Il lavori delle donne:
le donne migranti in Provincia di Torino

Presentati i primi risultati della Ricerca -Azione "I lavori delle donne" promossa dalla Consigliera di Parità provinciale, in collaborazione con l’Assessorato al Lavoro della Provincia di Torino, per approfondire la situazione lavorativa delle donne migranti in provincia di Torino.


«Abbiamo voluto approfondire i motivi per cui tra i numerosi casi di discriminazione trattati dal nostro ufficio (oltre 350 fino ad oggi) pochissimi riguardano le donne straniere – ha spiegato la Consigliera di Parità della Provincia di Torino, Laura Cima - Consapevoli dell’importante lavoro svolto dalla rete dei mediatori e delle mediatrici interculturali presso i Centri per l’Impiego e dalle associazioni che supportano le lavoratrici e dei lavoratori migranti, abbiamo voluto partire da loro per capire quali sono le maggiori difficoltà e le aspettative delle lavoratrici migranti».

Dalla ricerca emerge che le donne straniere che lavorano in provincia di Torino sono impiegate soprattutto nei lavori di cura anche se vorrebbero accedere ad altre professioni e ambiti lavorativi ma fanno fatica a veder riconosciute le loro qualifiche professionali e i titoli di studio. Faticano a conciliare tempi di vita e di lavoro e sono particolarmente esposte alla precarietà lavorativa, fattore che le vede spesso

costrette ad accettare qualsiasi tipo di lavoro e di condizione; e se i problemi di conciliazione e di precarietà le accomunano alle donne italiane, l’essere migranti aggiunge il problema specifico del rinnovo del permesso di soggiorno.

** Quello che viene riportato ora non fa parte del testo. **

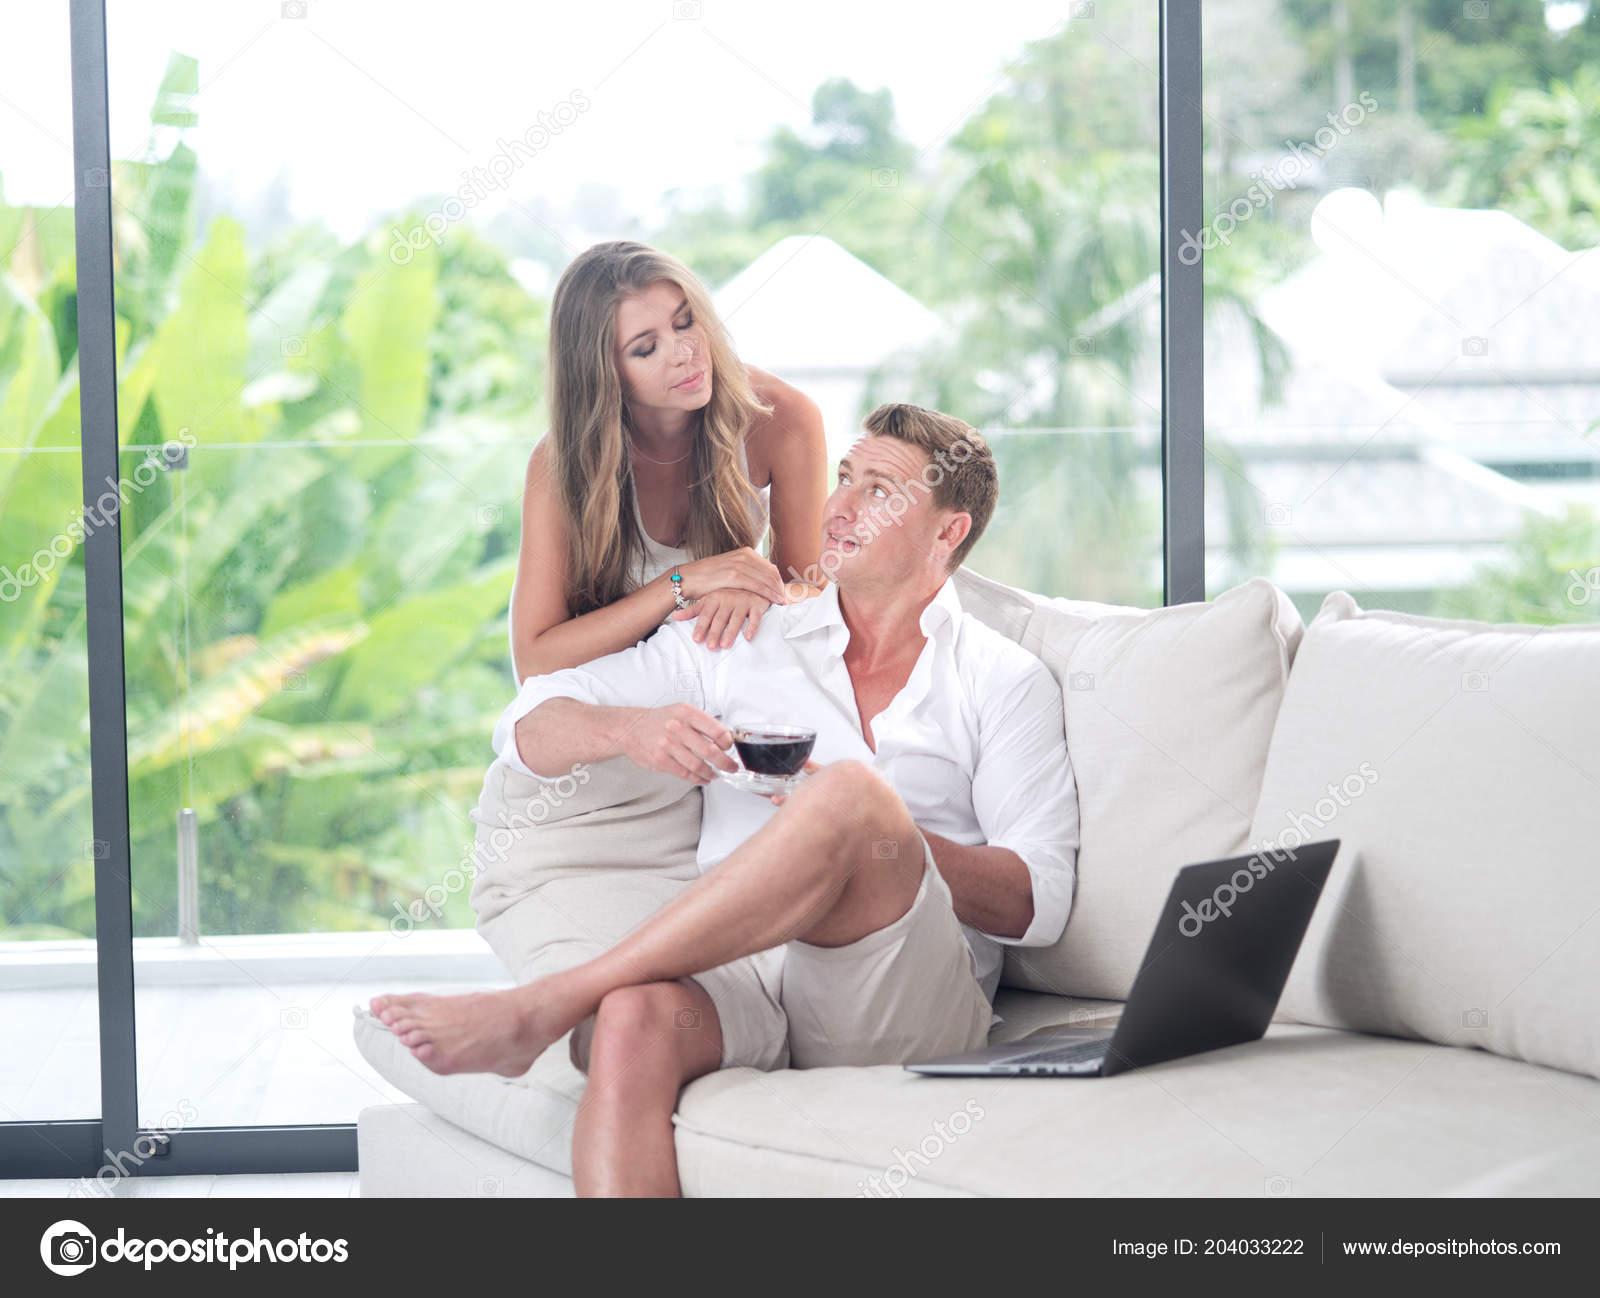 Αγάπη dating δωμάτιο chat

«La ricerca, di tipo qualitativo – ha spiegato la Presidente del Cirsde Franca Balsamo che ha curato l’attività – ha voluto far incontrare professionalità che hanno a che fare con le lavoratrici migranti, seppur in ambiti differenti, per aprire un confronto su metodologie di approccio alla raccolta dei dati e all’accoglienza della persona migrante, al sostegno fornito per far incontrare domanda e offerta.
Dai quattro focus group sono emerse molte sfumature: dalla voglia delle donne migranti di sperimentarsi e formarsi per migliorare la loro posizione lavorativa, alle delusioni che spesso seguono i percorsi formativi rispetto alle possibilità d’impiego, al timore di perdere il lavoro, alla difficoltà nell’acquisire autonomia, aspetto che implica la dipendenza dal marito, anche in casi di violenza. Le donne migranti vivono anche molte difficoltà nella gestione di famiglia e lavoro, da cui deriva una minor disponibilità a lavorare a domicilio 24h/24, legate spesso ai problemi di trasporto. Per le residenti al di fuori dell’area metropolitana, in particolare, la minor disponibilità di servizi di trasporto e la mancanza di mezzi propri (spesso non hanno la patente di guida) è vincolante».
L’Assessore alle Pari Opportunità, Aurora Tesio ha sottolineato l’importanza del lavoro in rete avviato su questo tema per la sperimentazioni di nuove soluzioni a favore delle donne migranti e che vede impegnata la Provincia anche attraverso l’assessorato alla Solidarietà Sociale oltre che gli Assessorati alle Pari Opportunità e al Lavoro.

«La ricerca ci pone di fronte alla necessità di individuare nuove soluzioni che aiutino le lavoratrici migranti a risolvere i problemi di conciliazione, che sono alla base di molte discriminazioni - spiega ancora la Consigliera di parità – Supporto fondamentale per le lavoratrici italiane nelle cosiddette attività di cura, hanno a loro volta difficoltà nella cura dei loro familiari, in cui sono completamente delegate dai loro mariti.
Per informare lavoratrici e lavoratori stranieri sulla normativa che garantisce la tutela alla maternità e paternità rispetto al lavoro, abbiamo voluto proporre la versione in 6 lingue scelte tra quelle più parlate in Provincia di Torino: arabo, francese, inglese, albanese, rumeno, spagnolo, della campagna “I nostri auguri tra opportunità e diritti”».

Tra le novità anche uno studio di fattibilità, avviato dall’Assessorato al Lavoro della Provincia per individuare un modello integrato di gestione di servizi a sostegno dell’incontro tra domanda e offerta nel settore dell’assistenza domiciliare. Per la prima volta lo studio si propone di definire un intervento del servizio pubblico nel favorire l’incontro tra domanda e offerta nel settore specifico dei lavori di cura.